As I have already had occasion to write, often an organism’s physiological operations continue even following a physician’s declaration of brain death. For example, gas exchange continues inside the lungs, even if with assisted breathing (but if we apply a ventilator to a corpse no gas exchange occurs). The body’s heartbeat is present. Thermoregulatory and immune systems are still working (and even respond to infections). Biological homeostasis is present as well as endocrine, digestive and excretory functions. The body’s general metabolism is preserved. If the patient is a child, his body continues to grow, Wounds still heal and autonomous responses to stress are observed (e.g. following a skin incision). We also observe the secretion of the antidiuretic hormones. This all occurs for days if not for weeks after a pronouncement of brain death. There have been even cases in which pregnant women, after being declared brain dead, had given birth. A corpse, in no way, can give birth to a child.

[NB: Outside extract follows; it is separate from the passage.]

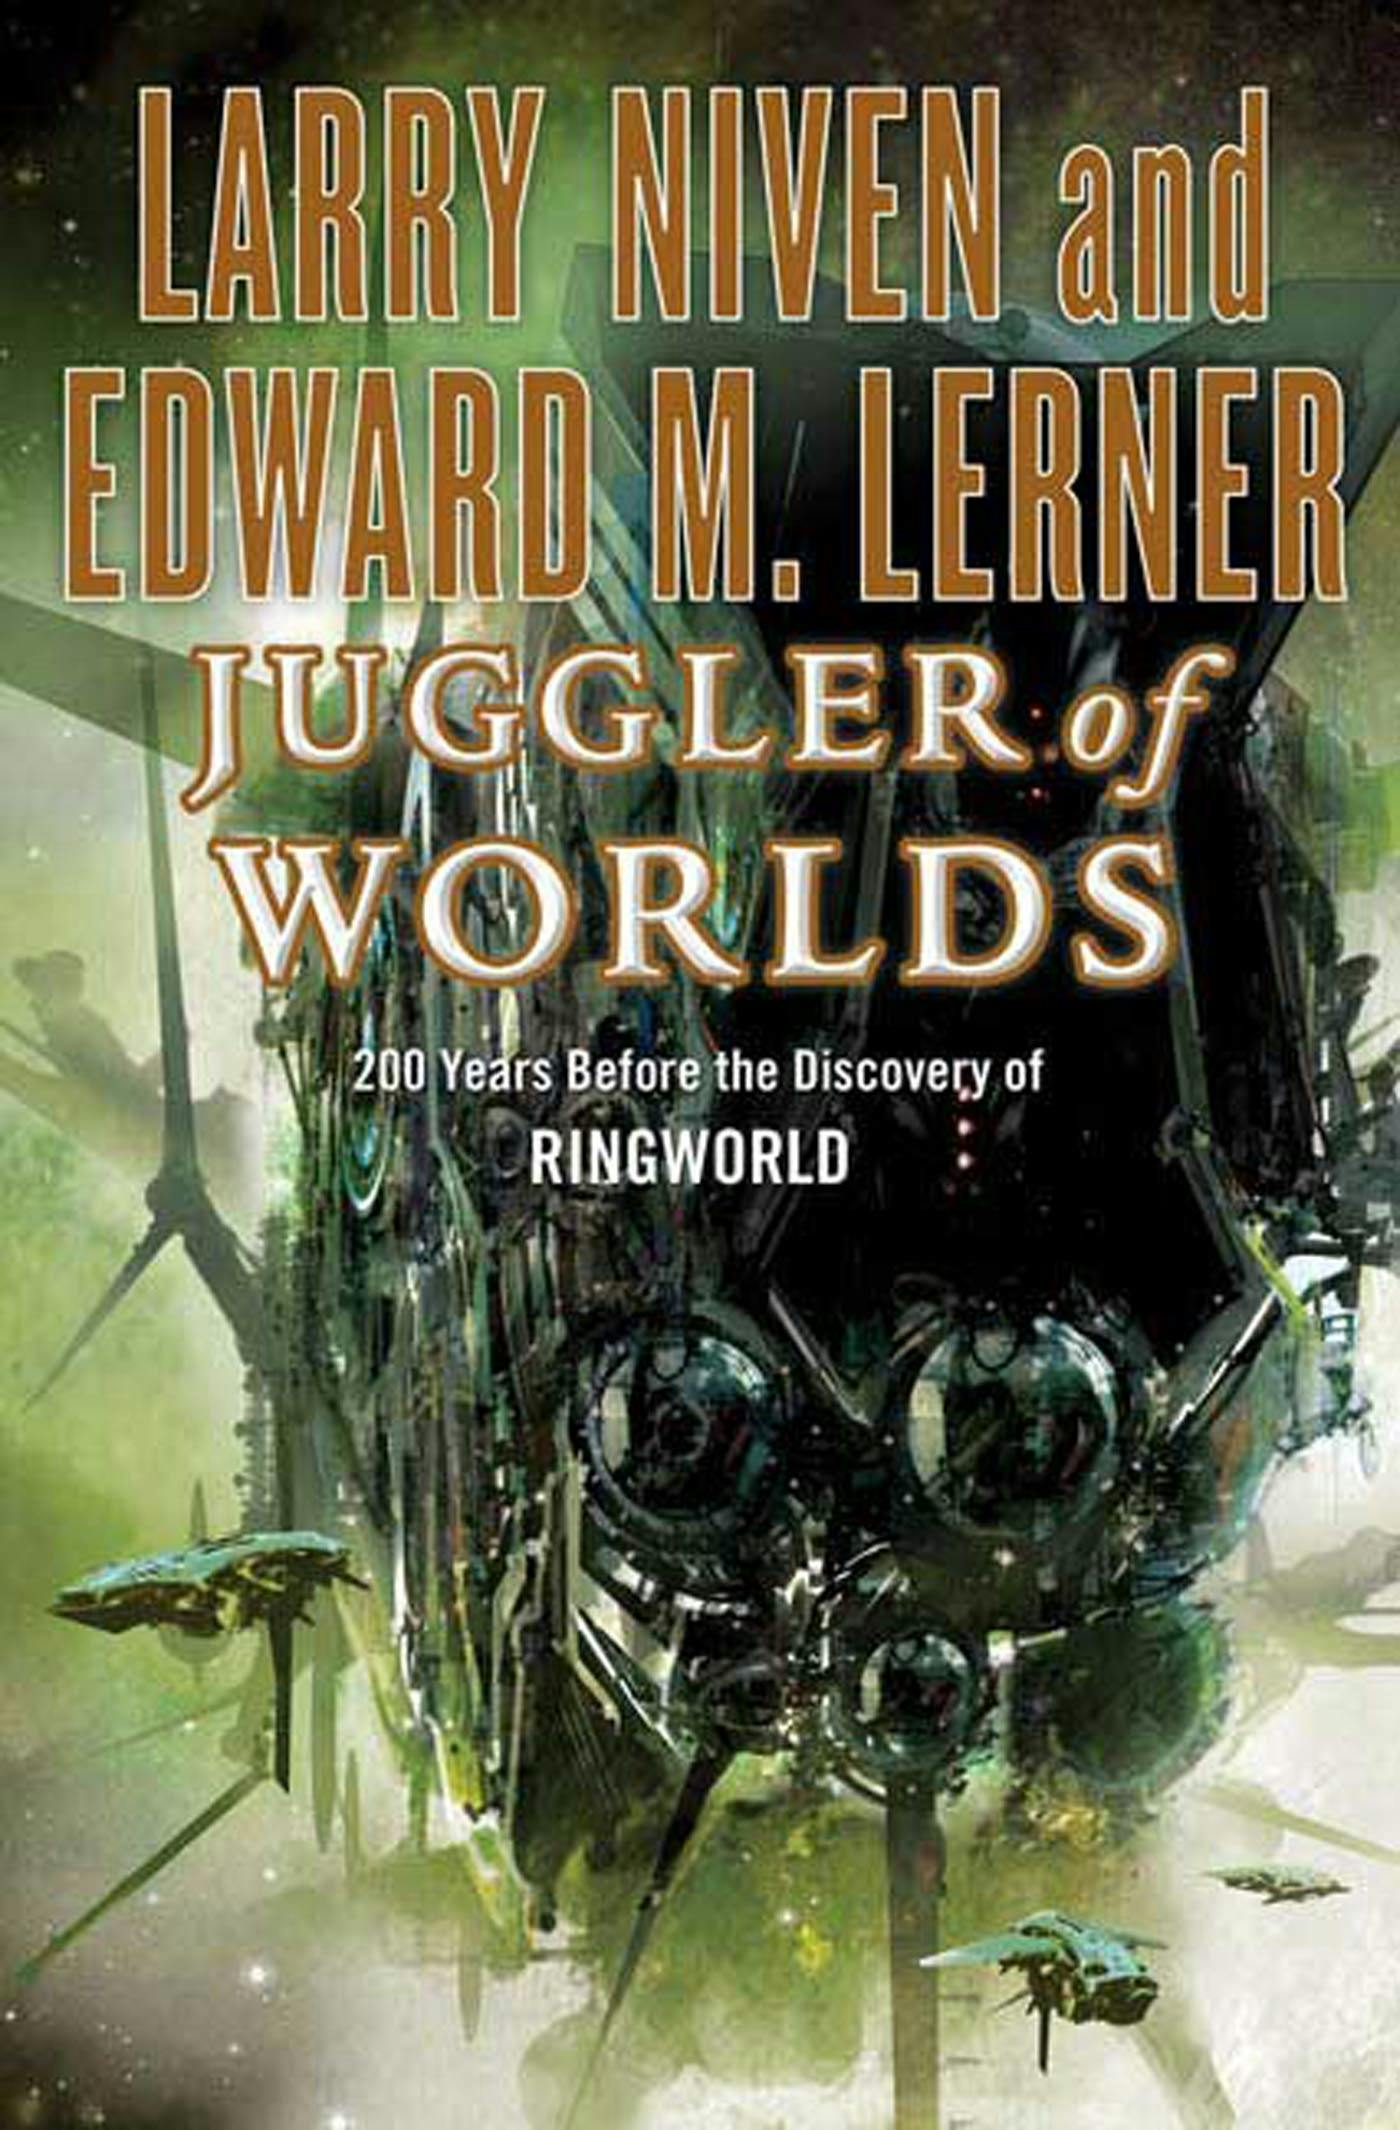 Cover for the book titled as: Juggler of Worlds

Furthermore, in some cases when there are doubts about the presence of a patient’s brain activity, sometimes medical equipment is not adequate for its proper detection. Secondly, a “turned off” brain is not necessarily a “dead” brain. Strictly speaking, its cells, although inactive, are not in a state of necrosis. Thirdly, often it is very imprudent scientifically to say brain activity can no longer be recovered. What’s more, some protocols allow doctors to immobilize donors or subject them to anesthesia. Why does a corpse need not be immobilized? Why should it feel pain?
In essence, with tacit consent there is a very high risk of handing over to the state living persons whose state of health is so compromised that it is preferable they be killed to save the lives of other healthier persons, who from a quality of life perspective, are deemed more worthy.